Дина Зандер, окончившая гимназию Алфёровой в 1917 году, была так же мало похожа на своих одноклассниц, как дикая тропическая птица с фиолетовыми глазами похожа на серого воробья из зимнего Замоскворечья. Она продолжала жить в одном доме с матерью, отчимом и своей сводной сестрой Таней, у которой был сын Илюша, «прижитый», как в сердцах говорила иногда няня, «незнамо откуда». Илюша был, однако, «прижит» от Таниного погибшего на войне жениха – знаменитого артиста Владимира Шатерникова, который прославился тем, что замечательно сыграл роль графа Толстого в фильме Якова Протазанова «Уход великого старца». Фотография Владимира Шатерникова в роли графа Толстого висела в гостиной на самом видном месте, и выражение глаз у артиста на этой фотографии было такое, что сразу становилось понятным: опять бы ушёл, и ещё раз ушёл, а если бы заперли, то пожалели бы. Сама же Таня, сводная сестра Дины Зандер, была, по словам той же няни, «тихим омутом, где черти водятся». Илюше исполнилось четыре месяца, когда у Тани вспыхнула любовь к пожилому (так Дине казалось!) человеку, Александру Сергеевичу Веденяпину, и сестра словно бы ослепла от этой любви и стала сама на себя не похожа, пока у них не произошла какая-то ссора, после которой Таня и слышать не хотела об Александре Сергеевиче. Но он вскоре начал звонить, и мама потребовала однажды, чтобы Таня объяснила наконец, по какому праву этот пожилой человек звонит по утрам и беспокоит весь дом. Случилась ужасная сцена.

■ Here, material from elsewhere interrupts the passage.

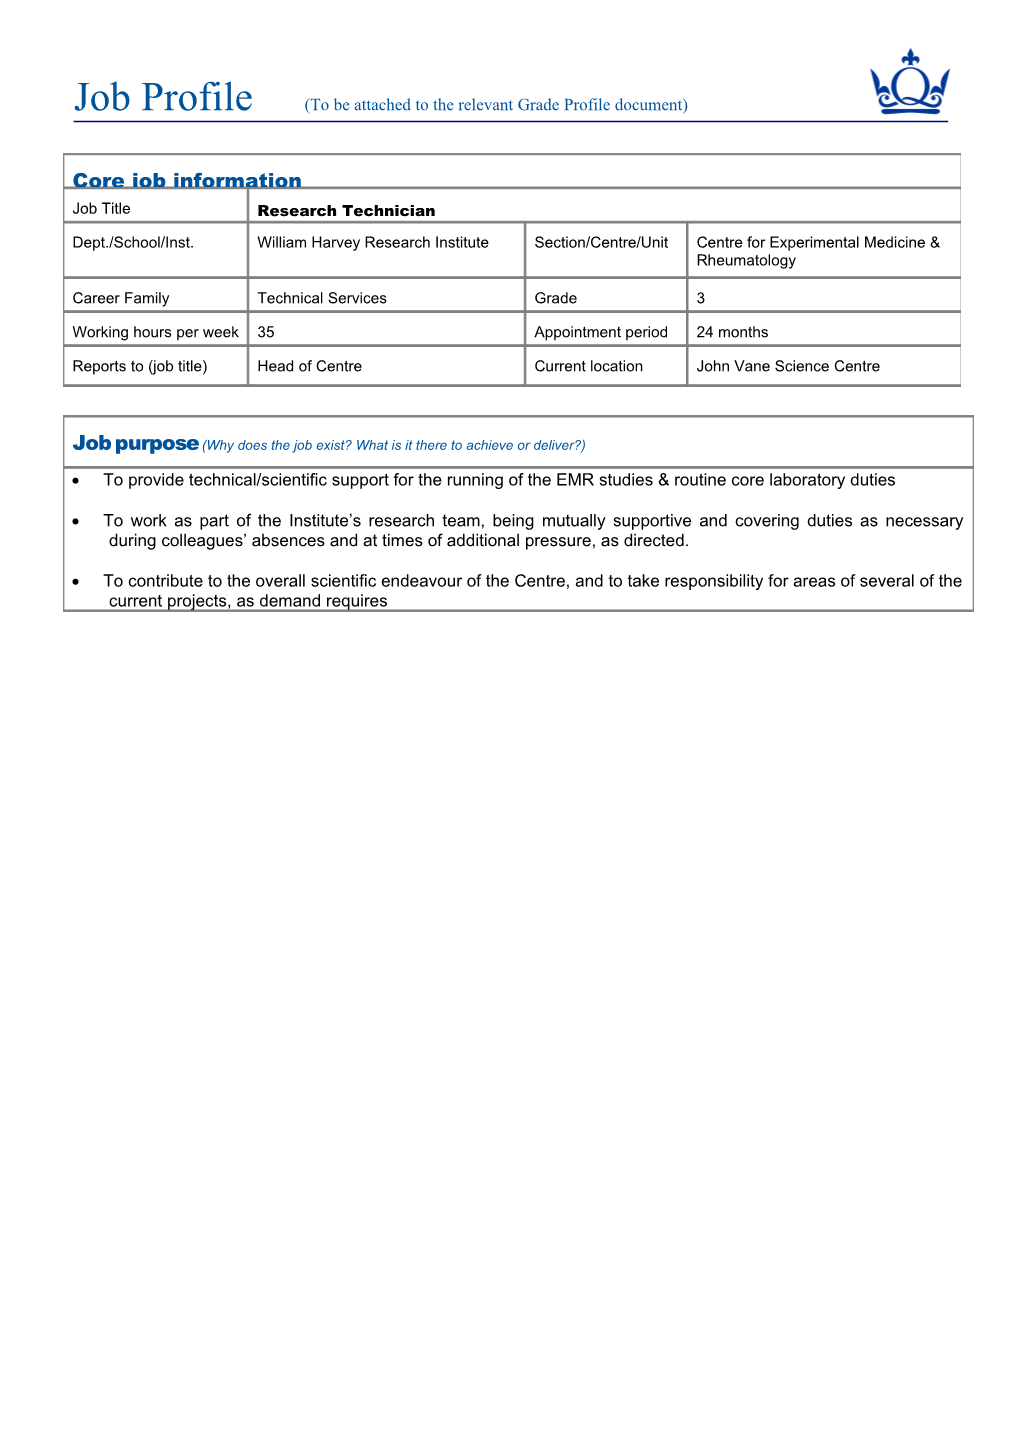 Job Profile (To Be Attached to the Relevant Grade Profile Document) s1

Сидели вечером, – отец задержался в госпитале, пили чай с прошлогодним вареньем, сахара было уже не достать, – и мама сказала, что сегодня Веденяпин звонил целый день, и нужно ему втолковать наконец… Но Таня, вдруг ставшая такого же цвета, как ягоды этой горчившей смородины, закричала, чтобы её оставили в покое, что она давным-давно взрослая и никто не смеет делать ей никаких замечаний.

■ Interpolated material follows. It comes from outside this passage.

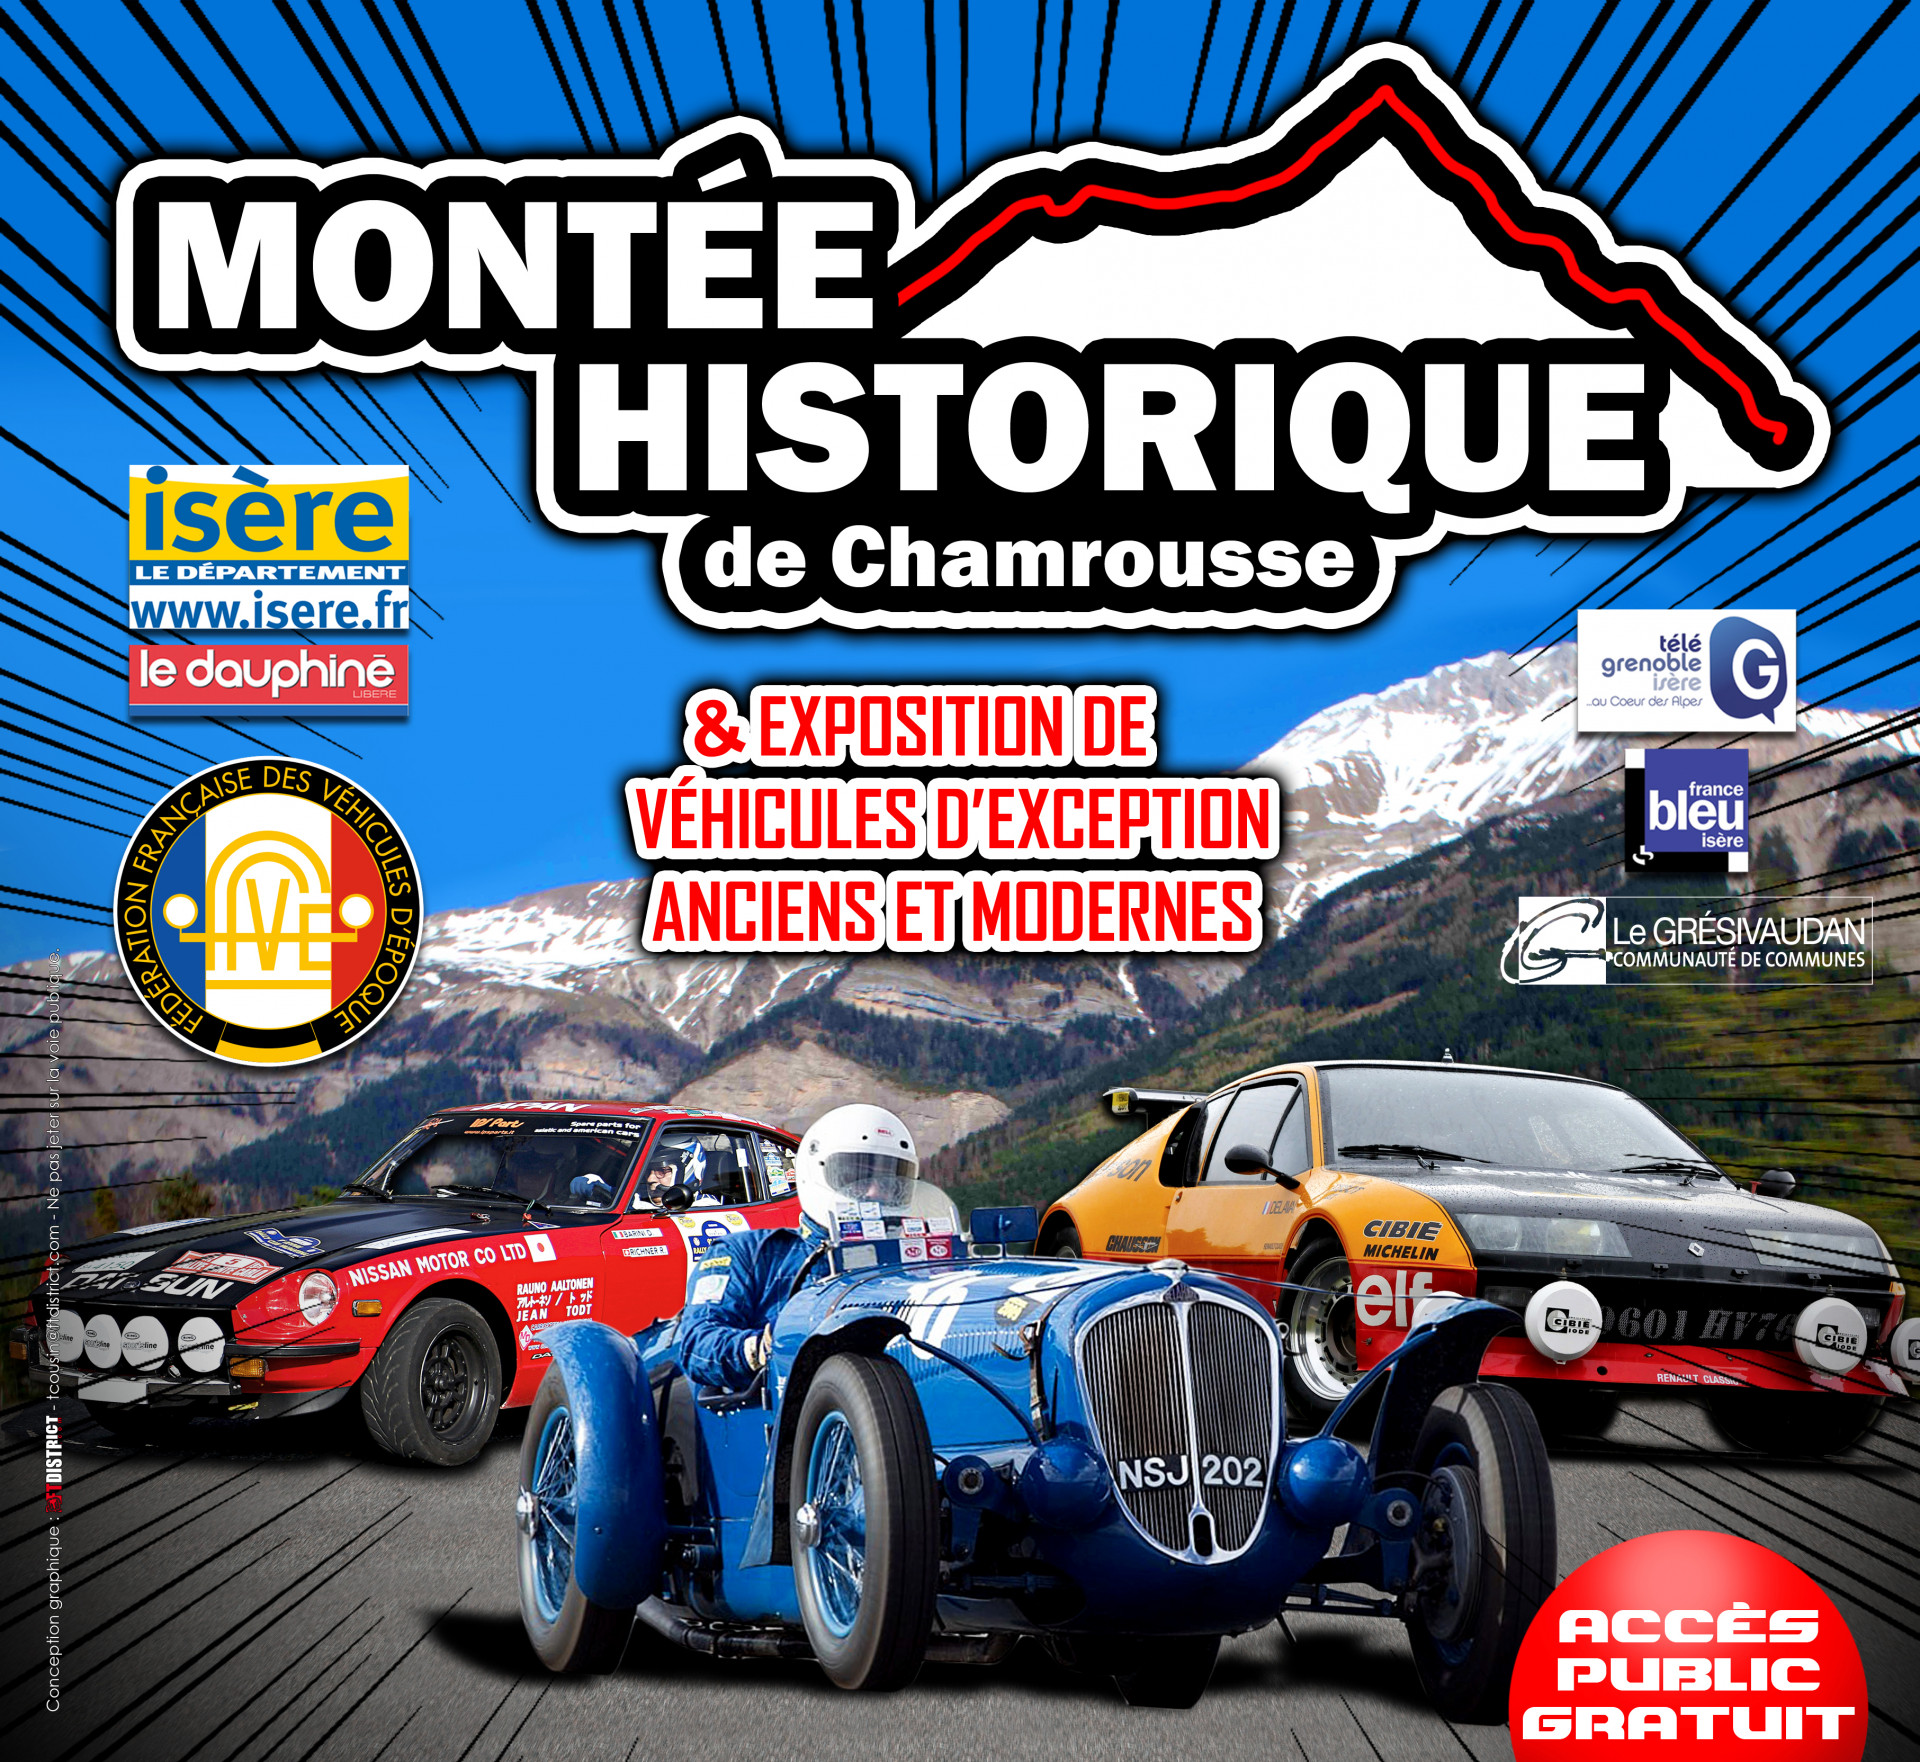 Historical ascent of Chamrousse

– Но я тебе – мать, – сказала тогда мама, и у неё раздулись ноздри. – Ты всё же должна выбирать выражения…
– Я вам ничего не должна! – выдохнула Таня и обеими руками оттолкнула от себя чашку. – Я все вам долги отдала!

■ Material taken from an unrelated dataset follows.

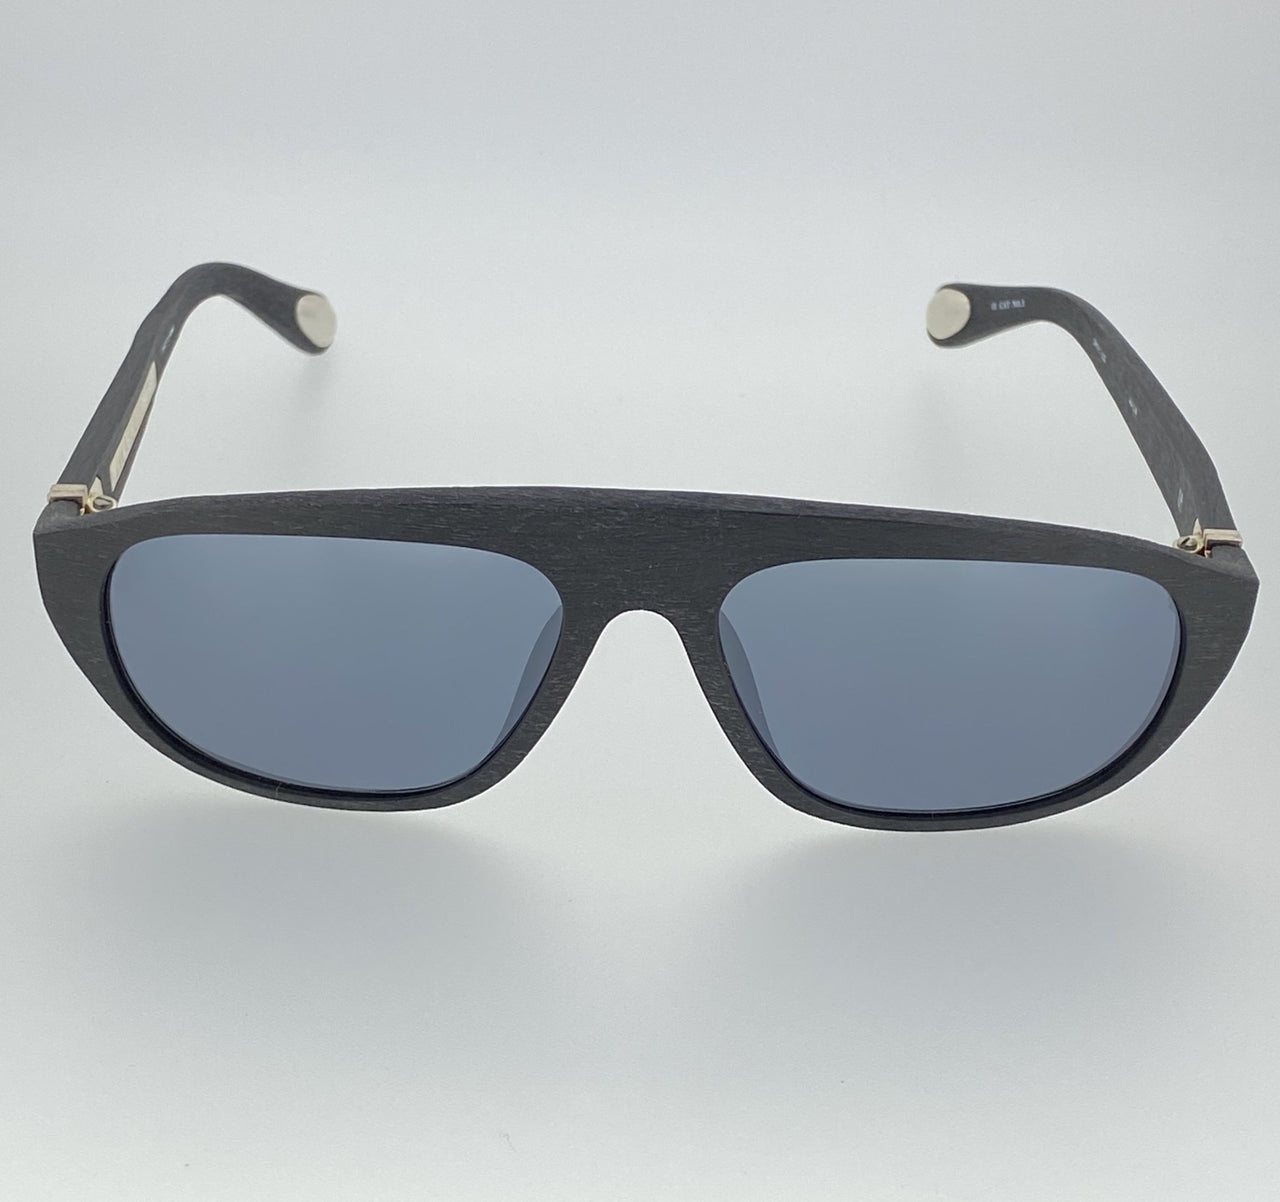 Ann Demeulemeester Sunglasses Scratch Black 925 Silver with Grey Mirror Lenses CAT3 AD1C8SUN - Watches & Crystals

– Какие долги? – втягивая и раздувая ноздри, прошептала мать.
Гувернантка Алиса Юльевна, вырастившая Таню, которую мать оставила на пятом году жизни для того, чтобы, разведясь с Таниным отцом, выйти замуж за Ивана Андреевича Зандера и родить себе девочку Дину Зандер, – эта вот кроткая и всегда молчаливая Алиса Юльевна, без конца почему-то ломающая себе то ноги, то руки, попробовала было вмешаться и тихо дотронулась до Таниного плеча, но Таня, ставшая совершенной фурией, обошла стол и, остановившись прямо перед своею родною матерью Анной Михайловной Зандер и глядя ей в глаза почти почерневшими в гневе глазами, шепнула ужасную фразу. Дине сначала даже показалось, что она ослышалась. Но по тому, как побелела Алиса Юльевна, а няня всплеснула руками, Дина догадалась, что и они услышали то же самое.
Она ей сказала:
– Я вас ненавижу.
И тут же ушла, хлопнув дверью.
У мамы началась истерика. Дина никогда не слышала, чтобы мама так кричала. Она не кричала так даже тогда, когда внезапно умер её муж, Иван Андреевич Зандер, и мама в минуту его отпеванья, рыдая, давясь и забыв о приличьях, стала целовать лежащего в гробу мёртвого человека так, как будто он жив и сейчас ей ответит. Тогда она тоже истошно кричала, но всё же не так, как сейчас.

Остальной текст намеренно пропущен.